Suicide is not chosen; it happens
when pain exceeds
resources for coping with pain.

Because of their ambivalence about dying, suicidal individuals usually give warning signs or signals of their intentions. The best way to prevent suicide is to know and watch for these warning signs and to get involved if you spot them. If you believe that a friend or family member is suicidal, you can play a role in suicide prevention by pointing out the alternatives, showing that you care, and getting a doctor or psychologist involved.

Common Misconceptions about Suicide

FALSE: People who talk about suicide won’t really do it.
Almost everyone who commits or attempts suicide has given some clue or warning. Do not ignore suicide threats. Statements like “you’ll be sorry when I’m dead,” “I can’t see any way out,” — no matter how casually or jokingly said may indicate serious suicidal feelings.

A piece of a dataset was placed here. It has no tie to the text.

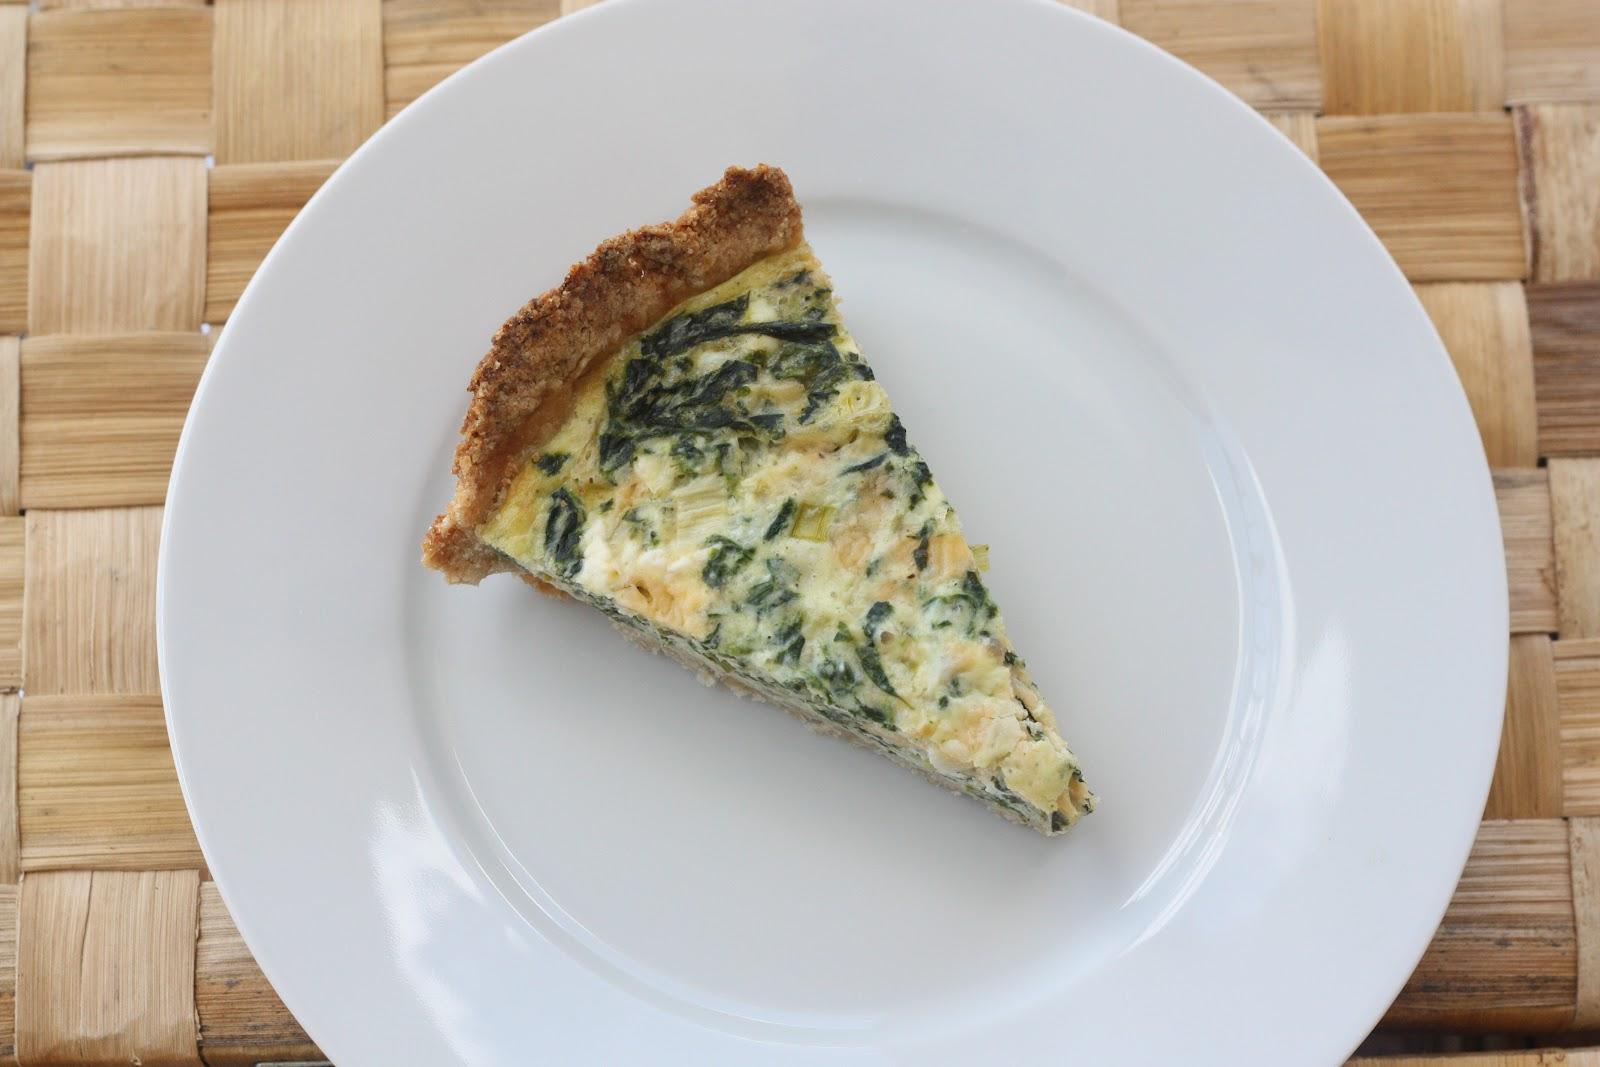 Vegetarian Recipe #15: Spinach Quiche - Everyday Reading

FALSE: Anyone who tries to kill him/herself must be crazy.
Most suicidal people are not psychotic or insane. They must be upset, grief-stricken, depressed or despairing, but extreme distress and emotional pain are not necessarily signs of mental illness.

FALSE: If a person is determined to kill him/herself, nothing is going to stop him/her.
Even the most severely depressed person has mixed feelings about death, wavering until the very last moment between wanting to live and wanting to die. Most suicidal people do not want death; they want the pain to stop. The impulse to end it all, however overpowering, does not last forever.

FALSE: People who commit suicide are people who were unwilling to seek help . 
Studies of suicide victims have shown that more then half had sought medical help within six month before their deaths.

FALSE: Talking about suicide may give someone the idea.
You don’t give a suicidal person morbid ideas by talking about suicide. The opposite is true –bringing up the subject of suicide and discussing it openly is one of the most helpful things you can do.